Our results suggest for the first time that circulating IGFBP-rP1 is related to vascular function in high-ferritin type 2 diabetic patients. Bloodletting is associated with improved vasomotor responses (3) and with positive changes in circulating IGFBP-rP1.

Our data concur with previous reports showing stimulatory effects of IGFBP-rP1 on prostacyclin synthesis (7) and on blood flow in the rat retina (14) and suggest that factors associated with endothelial stress, namely obesity and blood hemoglobin, are possible regulators of the serum levels of IGFBP-rP1 in high-ferritin type 2 diabetic subjects (2,18). While it is well known that cell-free hemoglobin acts as a nitric oxide scavenger (19,20), the role of cell-associated hemoglobin (i.e., that carried by erythrocytes) is more complex, as it may act as a nitric oxide generator by virtue of its nitrite reductase activity (21). The current clinical evidence, however, is supportive of a deleterious effect on vascular function also for cell-associated hemoglobin (22,23).

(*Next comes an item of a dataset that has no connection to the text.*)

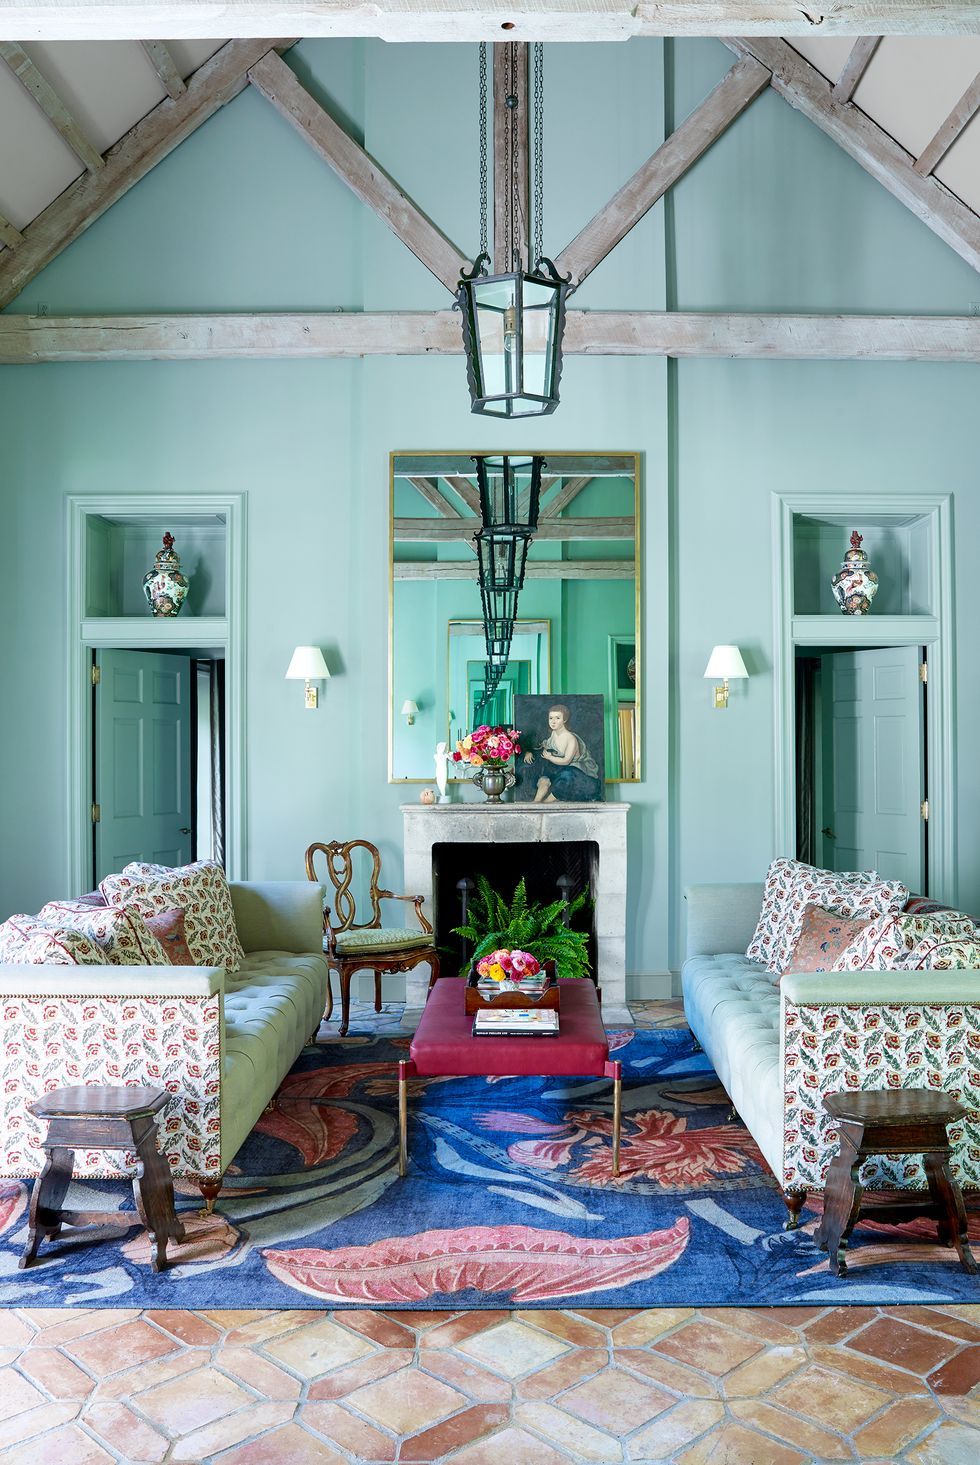 Drawing Room Colour Combination for a Stylish Makeover - Asian Paints

Given the cross-sectional nature of our study, we cannot establish a cause-effect relationship in the sequence of events that follow bloodletting in high-ferritin type 2 diabetic patients, but it is herein suggested that phlebotomy causes increases in circulating IGFBP-rP1 by alleviating the deleterious effects of blood hemoglobin on the vasculature and that increased IGFBP-rP1, in turn, may contribute to improve EDV after bloodletting. Further research will determine whether there is a role for IGFBP-rP1 in the vascular dysfunction of type 2 diabetes.

This study was supported by grants PI041407 (to A.l.-B.) and BFU2004-03654/BFI and CB06/03/0010 (to J.M.F.-R.). A.l.-B. is a research investigator of the Fund for Scientific Research “Ramon y Cajal,” Spain.